I don't remember what age I was when I first read Stephen King. I'd seen bits and pieces of the Tobe Hooper-helmed Salem's Lot miniseries on TV several times (I think it was on every Halloween for a while there in the '70s) before I was 10, and I'd seen commercials for Kubrick's The Shining. But I don't think I actually read King until I was 13 or so. And boy, did I read him: I read all of him. Those early books--Carrie, Salem's Lot, The Dead Zone, The Shining, The Stand, Pet Cemetery, Christine--really fired up the imagination. King was good at writing ordinary people and dropping them into deep shit. And his terrors always came with quirky humor as a result.
But then I got to high school and King's imagination seemed spent. It was the stupidest, longest fucking piece of trash I'd endured, and as bad as It was, The Tommyknockers was worse. There was a time when King's ideas were ripped off from someplace else, but it was ok (Christine was better than that movie The Car after all). But scary clowns and alien invasion plots were second-rate rip-offs of old Outer Limits episodes. How could a guy capable of something so elegantly creepy as Misery write so much pure dreck?
So, even though King turned me into a big reader, I abandoned him more than 20 years ago. Occasionally I'd miss him, and would re-read something (I discovered in this way that The Shining is actually pretty bad too), and once I even bought a "current" King bestseller, called Desperation, for a long flight to Singapore. Desperation was a stinky turd of a novel, re-affirming my view that King was washed up.

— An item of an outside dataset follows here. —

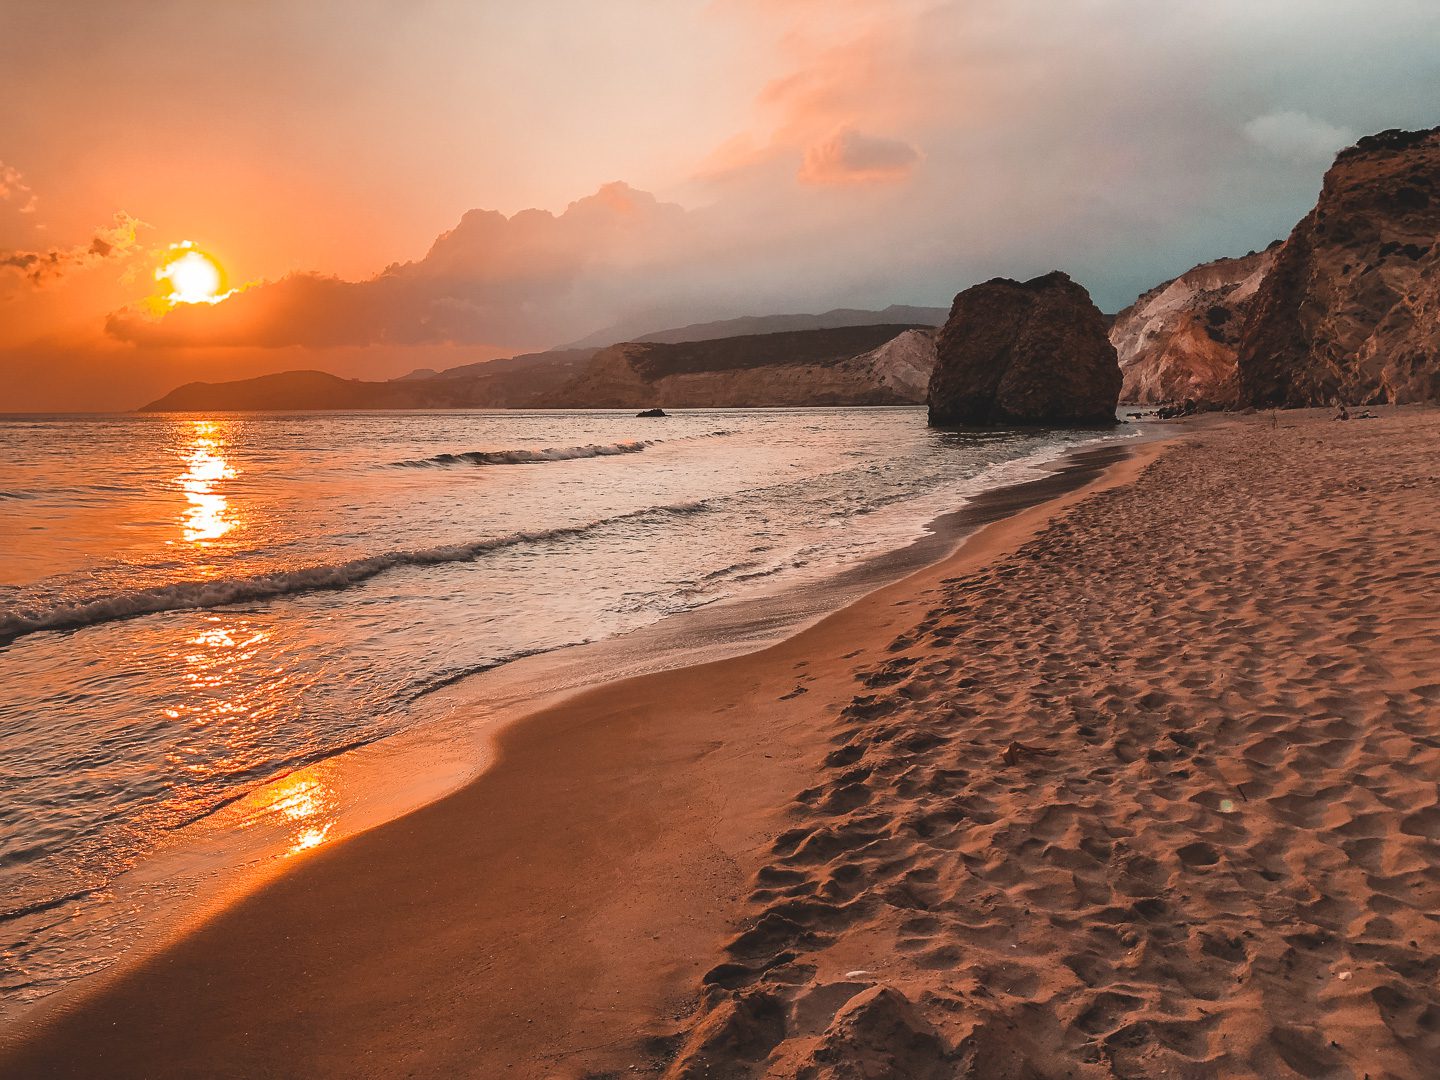 A iconic orange sunset reflects on he sandy shores of Firiplaka Beach in Milos Island, Greece

And now, 13 years later, I pick up The Dark Half for the first time, and the old magic was there for at least a while. Yeah, King was ripping off old material again (the B-flick Basket Case and The Birds), but there's a certain depth to this work beyond the mere horror tale. King is struggling with his output, his material, his interest in the macabre, and the moral questions which inevitably come to a thoughtful artist's mind re: responsiblity to the public and society. I thought it was fun.
Why did I choose The Dark Half? Because I couldn't bear to read his latest, which is 1000 pages, and the plot idea is totally ripped off from The Simpsons Movie.